Department of Molecular Biology and Biotechnology, University of Dar es Salaam, Dar es Salaam, Tanzania.
Mbeya College of Health and Allied Sciences, University of Dar es Salaam, Mbeya, Tanzania.
Cancer Med. 2023 Feb;12(3):3395-3409. doi: 10.1002/cam4.5091. Epub 2022 Jul 31.
Growing prevalence and aggressiveness of breast cancer (BC) among East African women strongly indicate that the genetic risk factor implicated in the etiology of the disease may have a key role. Germline pathogenic variants in BRCA1 and BRCA2 (BRCA1/2) are known to increase the lifetime risk of BC. This study investigated the prevalence and spectrum of germline single nucleotide variant/insertion and deletion (SNV/indel), and copy number variations (CNVs) in BRCA1/2 among Tanzanian BC patients, and evaluated the associations of identified variants with patient's socio-demographic and histopathological characteristics.

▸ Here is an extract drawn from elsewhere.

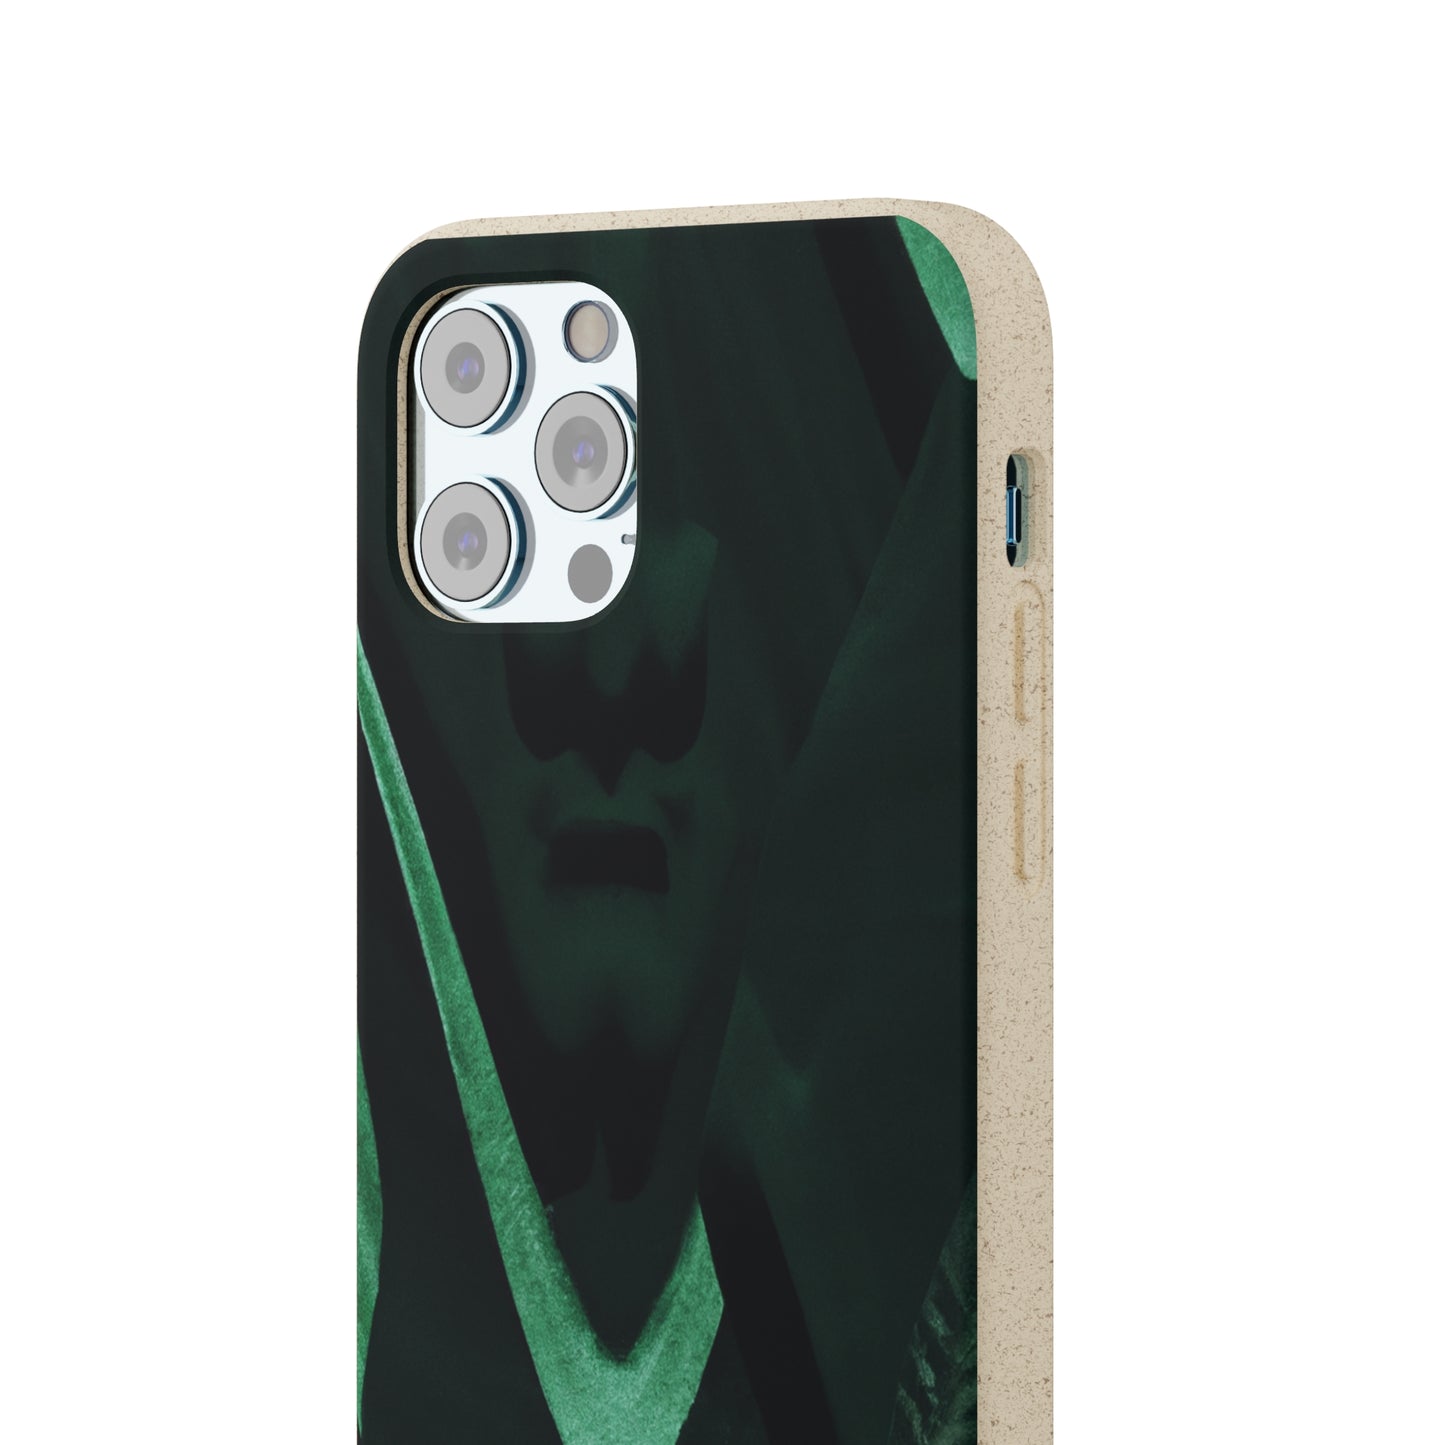 "The Splendor of Nature: An Artistic Fusion of Color, Shape, and Texture" - Bam Boo! Lifestyle Eco-friendly Cases

One hundred BC patients were examined for BRCA1/2 variants using next-generation sequencing (NGS). Sanger sequencing and multiplex ligation-dependent probe amplification (MLPA) assay were performed for the confirmation of SNV/indel and CNVs, respectively.
Six germline SNV/indel pathogenic variants were detected from six unrelated patients. Five of these variants were identified in BRCA1, and one in BRCA2. We also identified, in one patient, one variant of uncertain clinical significance (VUS). CNV was not detected in any of the BC patients. Furthermore, we found that in our cohort, BRCA1/2 variant carriers were triple-negative BC patients (p = 0.019).
Our study provides first insight into BC genetic landscape by the use of NGS in the under-represented East African Tanzanian populations. Our findings support the importance of genetic risk factors in BC etiology in Tanzania and showed a relatively high overall prevalence (6%) of germline BRCA1/2 pathogenic variants in BC patients. Therefore, our results indicate that BRCA1/2 pathogenic variants may well contribute to BC incidence in Tanzania. Thus, the identification of frequent variants in BRCA1/2 genes will enable implementation of rapid, inexpensive population-specific BRCA1/2 genetic testing, particularly for triple-negative BC patients known for their high prevalence in Tanzania. This will, in turn, greatly contributes to provide effective therapeutic strategies.
东非国家的乳腺癌(BC)发病率和侵袭性日益增高,强烈表明与疾病病因相关的遗传风险因素可能发挥关键作用。BRCA1 和 BRCA2(BRCA1/2)种系致病性变异可显著增加终生 BC 发病风险。本研究调查了坦桑尼亚 BC 患者 BRCA1/2 种系单核苷酸变异/插入缺失(SNV/indel)和拷贝数变异(CNV)的流行率和谱,并评估了所识别变异与患者社会人口统计学和组织病理学特征的相关性。
采用下一代测序(NGS)对 100 例 BC 患者进行 BRCA1/2 变异检测。采用 Sanger 测序和多重连接依赖性探针扩增(MLPA)法分别对 SNV/indel 和 CNV 进行确认。
从 6 名无血缘关系的患者中检测到 6 种种系 SNV/indel 致病性变异。其中 5 种变异位于 BRCA1,1 种位于 BRCA2。我们还在 1 名患者中发现了 1 种意义不明的变异(VUS)。在任何 BC 患者中均未检测到 CNV。此外,我们发现,在我们的队列中,BRCA1/2 变异携带者为三阴性 BC 患者(p=0.019)。
本研究首次利用 NGS 技术在代表性不足的东非坦桑尼亚人群中对 BC 遗传图谱进行了研究。我们的发现支持遗传因素在坦桑尼亚 BC 发病机制中的重要性,并显示了 BC 患者中种系 BRCA1/2 致病性变异的总体较高流行率(6%)。因此,我们的结果表明,BRCA1/2 致病性变异可能是导致坦桑尼亚 BC 发病率升高的原因之一。因此,识别 BRCA1/2 基因中的常见变异将能够实现快速、经济的基于人群的 BRCA1/2 基因检测,特别是对在坦桑尼亚高发的三阴性 BC 患者。这反过来将极大地有助于提供有效的治疗策略。